Show ‘n Tell Thursday: Validating XML when parsing with NotesSAXParser (23 Mar 2006)

When using and parsing XML for any purpose other than purely educational you really want to be using a DTD (Document Type Definition) to make sure the document is “valid” in the eyes of the application. This is possible both when using the DOM and the SAX parser, though there are differences as to when you might discover a violation of the DTD.

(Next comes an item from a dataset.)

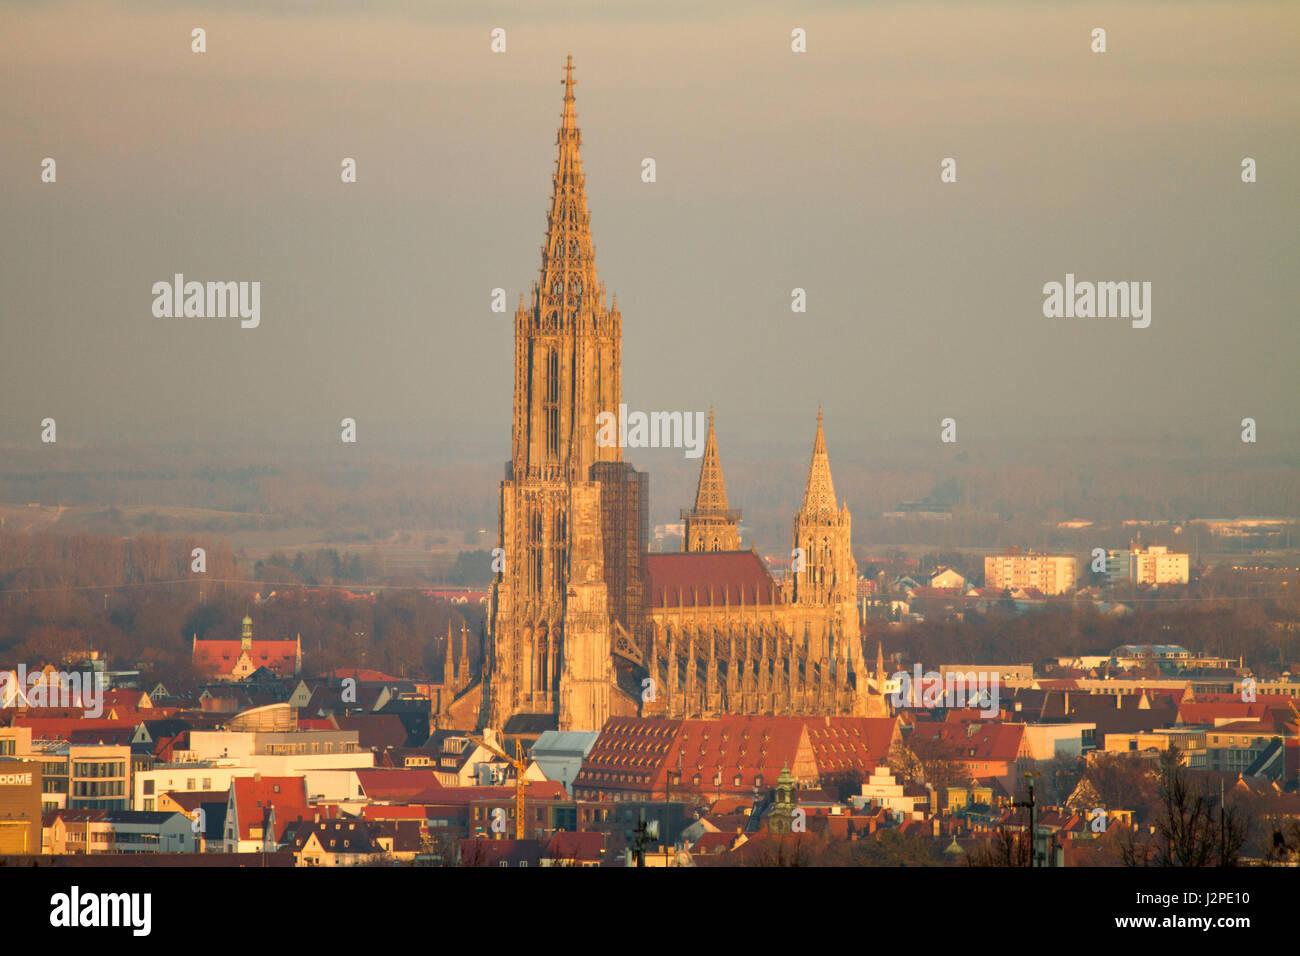 Ulm en el río Danubio, Baden-Württemberg, Alemania Foto de stock

Using DOM a violation will be discovered before you actually start walking the DOM tree since the entire document is parsed and validated before control is given back to you as the programmer. Using SAX a violation is not reported until encountered which means that you might have parsed and processed most of the XML document so beware… When using SAX with a DTD you really shouldn’t consider any data from the XML as being valid until the SAX_EndDocument event has been raised (in the case of LotusScript).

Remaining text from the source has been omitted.